Preemption is disabled via zspage-s rwlock_t - zs_map_object() returns
with it being locked and it's being unlocked in zs_unmap_object().  Then
the function disables pagefaults and per-CPU local lock (protects per-CPU
vm-area) additionally disables preemption.

> [..]
> > @@ -1309,12 +1297,14 @@ void *zs_map_object(struct zs_pool *pool, unsigned long handle,
> >  		goto out;
> >  	}
> >  
> > -	/* this object spans two pages */
> > -	zpdescs[0] = zpdesc;
> > -	zpdescs[1] = get_next_zpdesc(zpdesc);
> > -	BUG_ON(!zpdescs[1]);
> > +	ret = area->vm_buf;
> > +	/* disable page faults to match kmap_local_page() return conditions */
> > +	pagefault_disable();
> 
> Is this accurate/necessary? I am looking at kmap_local_page() and I
> don't see it. Maybe that's remnant from the old code using
> kmap_atomic()?

No, this does not look accuare nor neccesary to me.  I asume that's from
a very long time ago, but regardless of that I don't really understand
why that API wants to resemblwe kmap_atomic() (I think that was the
intention).  This interface if expected to be gone so I didn't want
to dig into it and fix it.
Yosry Ahmed Jan. 28, 2025, 12:49 a.m. UTC | #4
On Tue, Jan 28, 2025 at 09:37:20AM +0900, Sergey Senozhatsky wrote:
> On (25/01/27 21:26), Yosry Ahmed wrote:
> > On Mon, Jan 27, 2025 at 04:59:30PM +0900, Sergey Senozhatsky wrote:
> > > Introduce new API to map/unmap zsmalloc handle/object.  The key
> > > difference is that this API does not impose atomicity restrictions
> > > on its users, unlike zs_map_object() which returns with page-faults
> > > and preemption disabled
> > 
> > I think that's not entirely accurate, see below.
> 
> Preemption is disabled via zspage-s rwlock_t - zs_map_object() returns
> with it being locked and it's being unlocked in zs_unmap_object().  Then
> the function disables pagefaults and per-CPU local lock (protects per-CPU
> vm-area) additionally disables preemption.

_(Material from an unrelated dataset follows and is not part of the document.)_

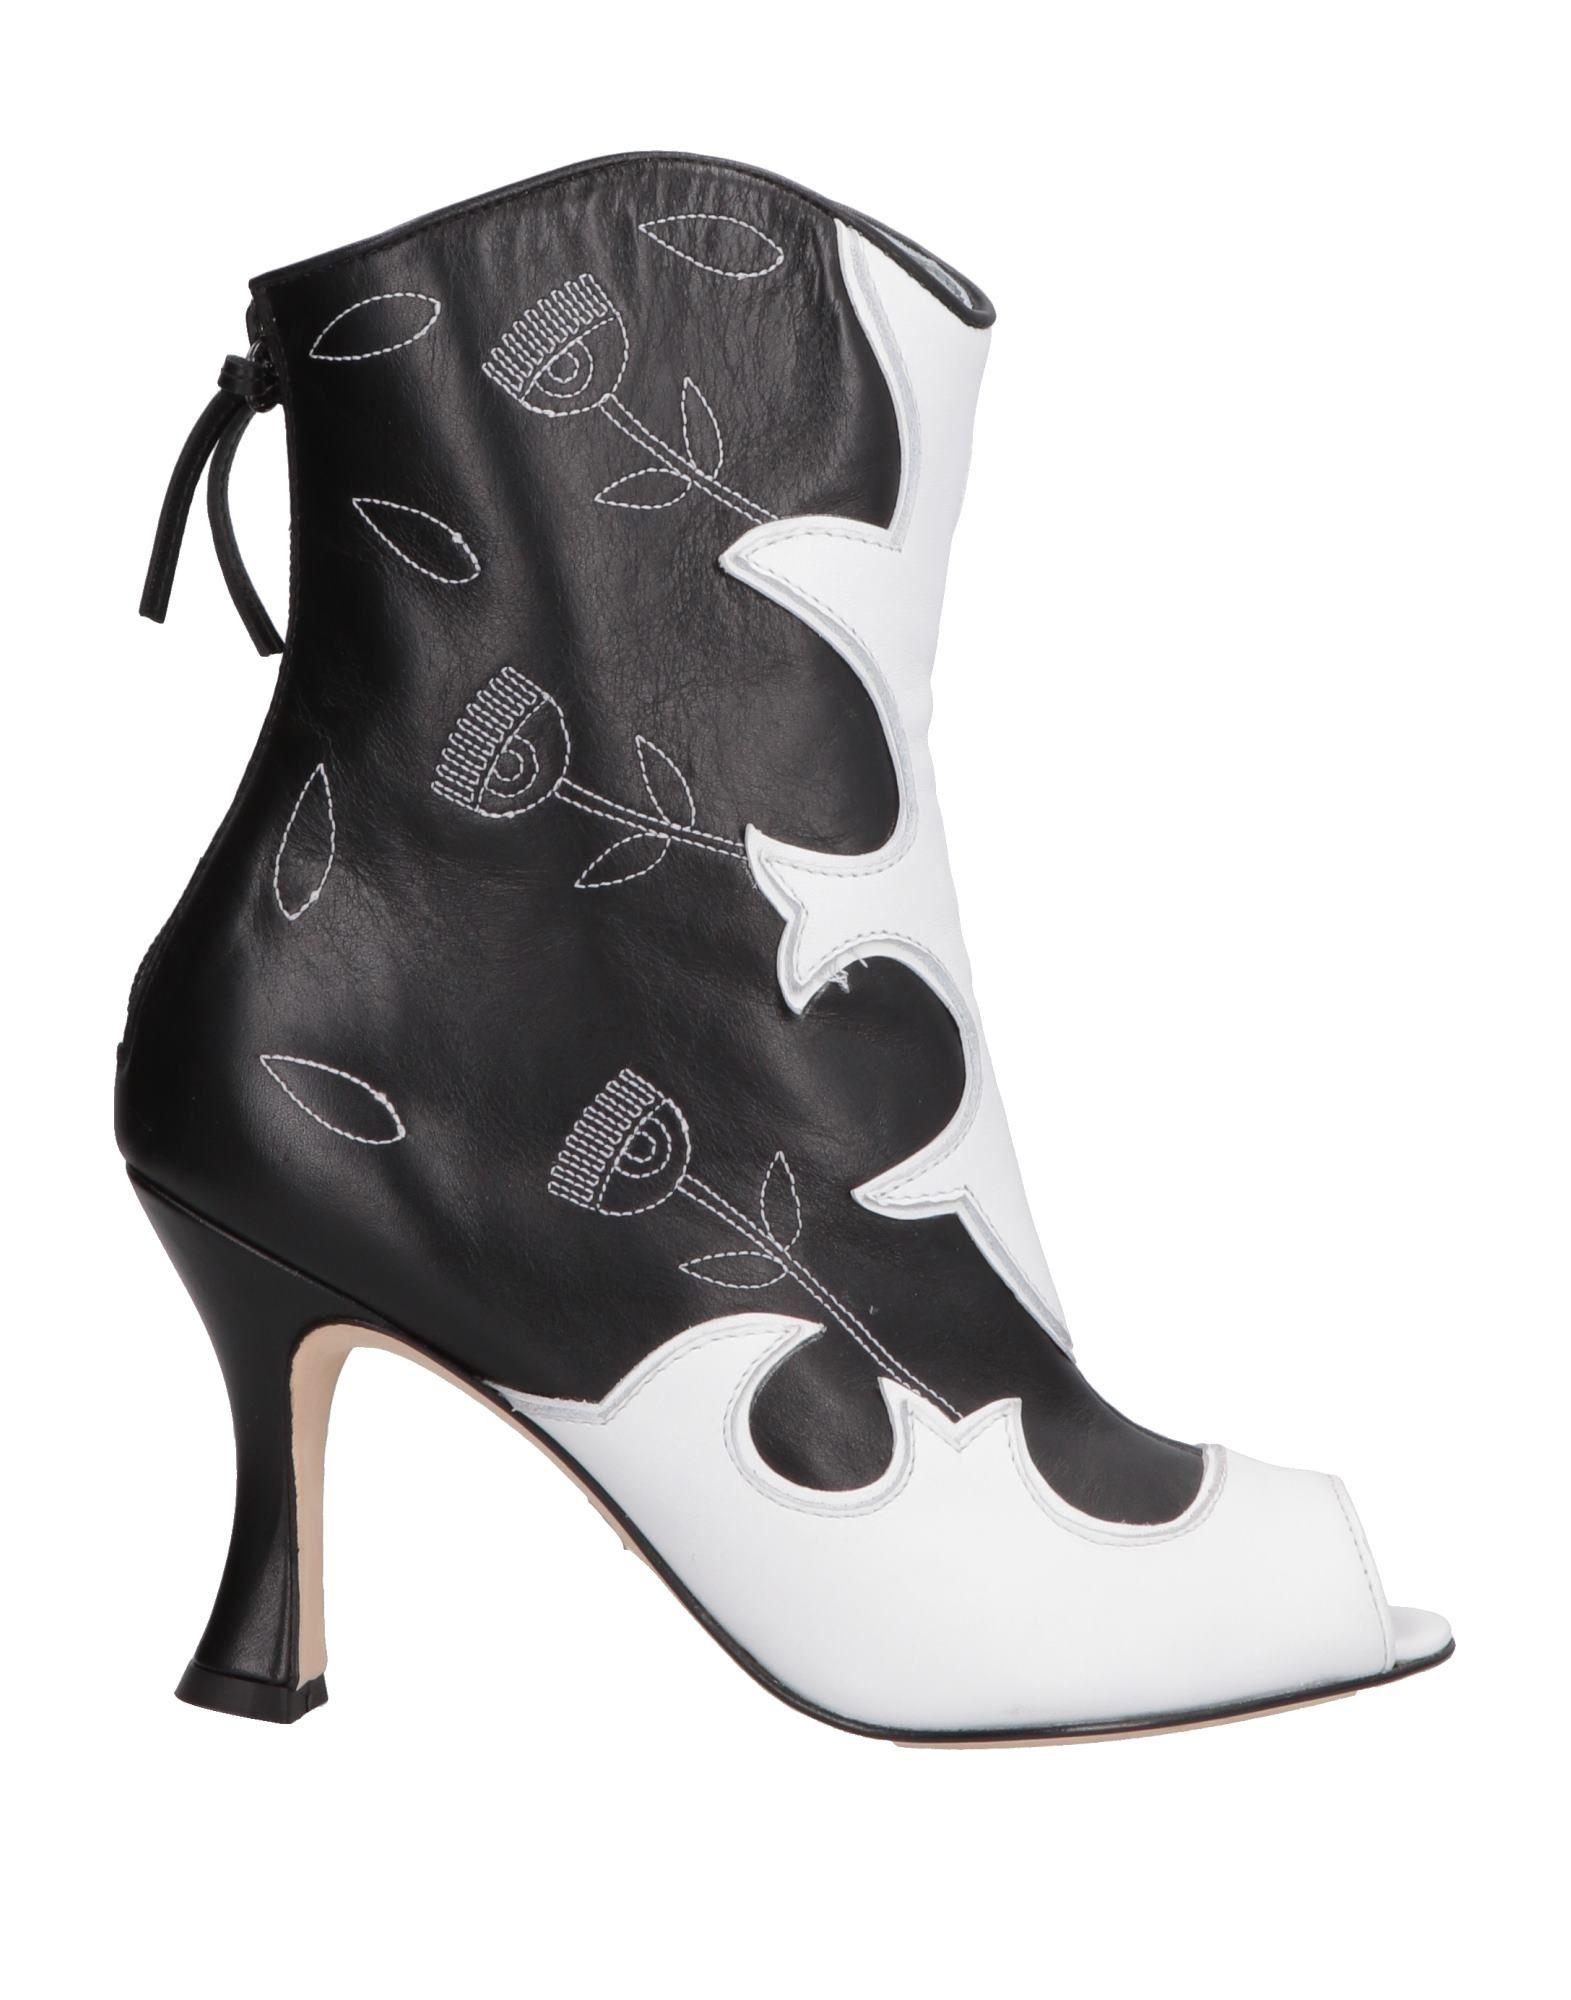 Chiara Ferragni Ankle Boot - Women Chiara Ferragni Ferragni Chiara Ankle Boots online on  Canada - 11556133BC f04125

Right, I meant it does not always disable page faults.

> 
> > [..]
> > > @@ -1309,12 +1297,14 @@ void *zs_map_object(struct zs_pool *pool, unsigned long handle,
> > >  		goto out;
> > >  	}
> > >  
> > > -	/* this object spans two pages */
> > > -	zpdescs[0] = zpdesc;
> > > -	zpdescs[1] = get_next_zpdesc(zpdesc);
> > > -	BUG_ON(!zpdescs[1]);
> > > +	ret = area->vm_buf;
> > > +	/* disable page faults to match kmap_local_page() return conditions */
> > > +	pagefault_disable();
> > 
> > Is this accurate/necessary? I am looking at kmap_local_page() and I
> > don't see it. Maybe that's remnant from the old code using
> > kmap_atomic()?
> 
> No, this does not look accuare nor neccesary to me.  I asume that's from
> a very long time ago, but regardless of that I don't really understand
> why that API wants to resemblwe kmap_atomic() (I think that was the
> intention).  This interface if expected to be gone so I didn't want
> to dig into it and fix it.

My assumption has been that back when we were using kmap_atomic(), which
disables page faults, we wanted to make this API's behavior consistent
for users where or not we called kmap_atomic() -- so this makes sure it
always disables page faults.

Now that we switched to kmap_local_page(), which doesn't disable page
faults, this was left behind, ulitmately making the interface
inconsistent and contradicting the purpose of its existence.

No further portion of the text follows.